製造業の会社ですから、何かを開発し、作るのが仕事です。ですが、島津の場合、どこにでもあるもの、誰にでも作れるものを作っていたのでは、決して社会に貢献したことにはなりません。
島津の装置によって、この世になかった新しい何かを生み出せる、だれも成し遂げられなかった何かを実現する、そういう製品を作ってこそ、胸を張って「貢献できた」と言えるのではないでしょうか。
その目標に向かって現在も数々の挑戦を繰り広げています。ひとつ例を挙げると、第一線で活躍する研究者らと協力して、がんやアルツハイマーの早期診断、早期治療につながる装置の開発を進めています。病院に一台ずつ設置できるような製品を開発できれば、人々の生活にも大きく貢献できるものとなるでしょう。

人と地球

作ることとは別に、もうひとつ、島津が力を入れてきたことがあります。それは科学の啓発です。明治時代に科学雑誌を発行したり、X線技術者を養成する学校を創設するなど、人々の意識や技術の面からも、科学の普及を促してきました。
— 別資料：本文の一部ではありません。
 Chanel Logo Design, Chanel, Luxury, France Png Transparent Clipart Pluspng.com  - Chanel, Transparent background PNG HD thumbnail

創業間もない頃、京都府の依頼で、日本で初めて人を乗せた軽気球を揚げてみせたこともありました。その当時、京都の人々は、外国から移入されたばかりの「科学技術」がどんなものかよく知りませんでした。しかし、古都の空に悠々と浮かぶ気球は、「科学技術」の可能性を、多くの人に感じさせたに違いありません。この時島津は、気球を揚げることで、ワクワクする未来を描いてみせたのです。
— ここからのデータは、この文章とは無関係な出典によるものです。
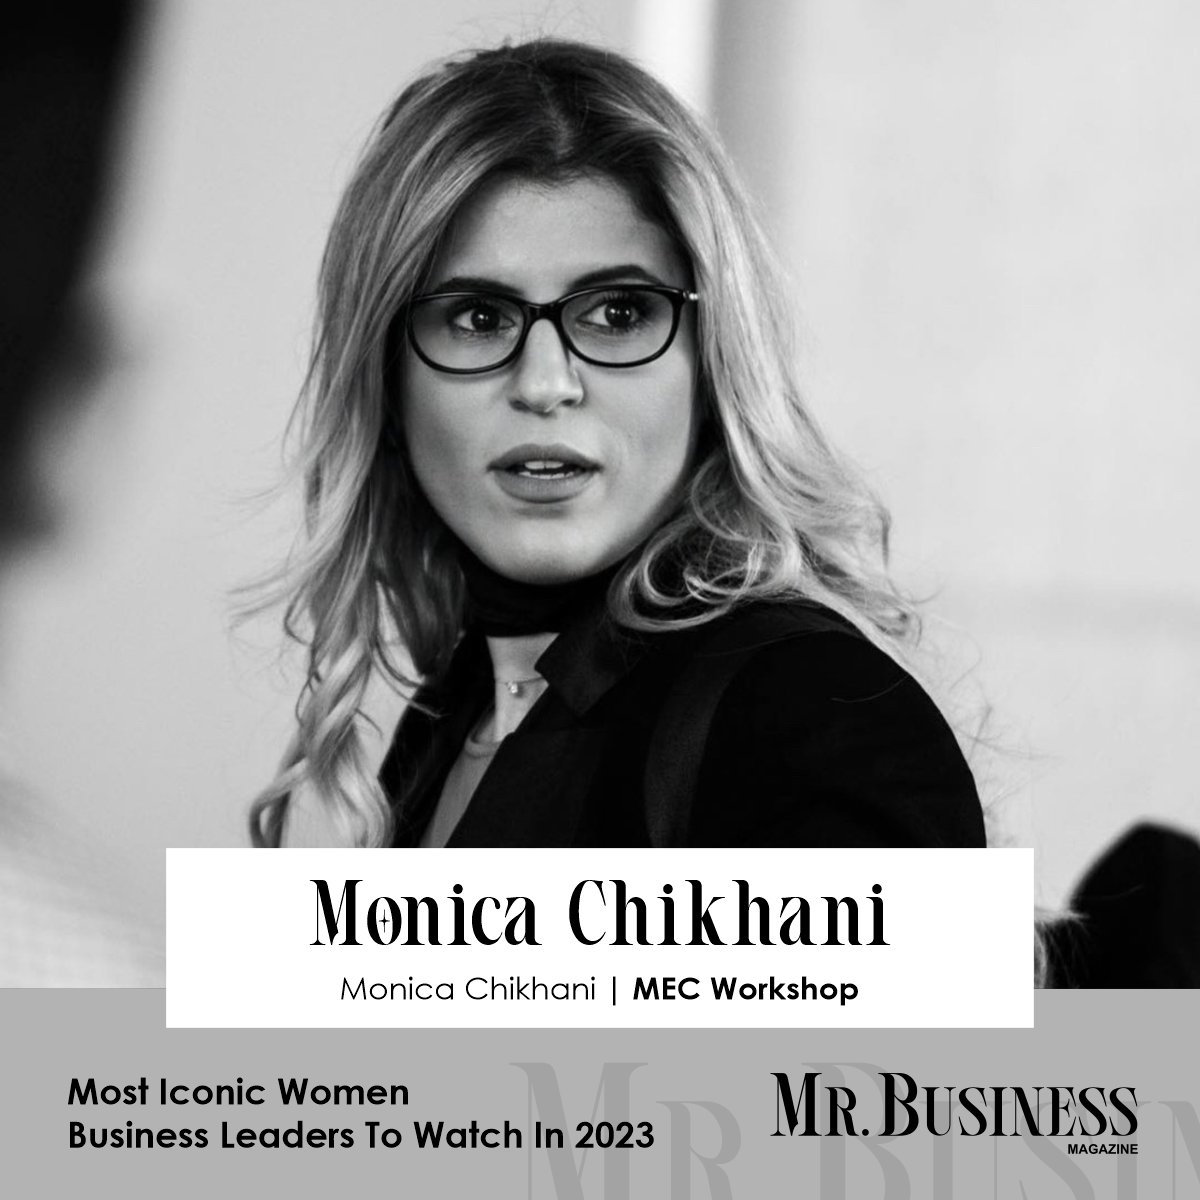 Monica Chikhani- Assisting Businesses | Mr. Business Magazine

当時の気球に相当する、現代の夢といえば、どんなものがあるでしょうか。
「宇宙を旅行する」あるいは「ロボットと共に暮らす」。SFに幾度となく描かれてきた夢は、そろそろその足音が聞こえそうなところまで近づいてきました。もしかしたら、鉄腕アトムが誕生する日も、そう遠くないのかもしれません。
私たちの事業に近いところでは、「病の苦しみを味わうことなく、健康に暮らす」というのも、人類の大きな夢です。また、「だれもが安心して暮らせる社会」も有史以来語り継がれた夢といえるでしょう。
今はまだ、文字通り「夢物語」かもしれません。しかし、思い起こしてみてください。かつて人類が想像した 未来の姿は、たいてい実現しているのです。
世界旅行をしたい。空を飛びたい。月に行ってみたい。どれも200年前なら夢物語と一蹴されていたでしょう。しかし科学技術の進歩は、それらを一つひとつ実現してきました。病に苦しまない生活も、安心して暮らせる社会も、いつかきっと実現できる。私はそう信じています。
そして、その夢の実現に、島津の力を役立てることができれば、これほど幸せなことはありません。
これからの島津に、ぜひ期待してください。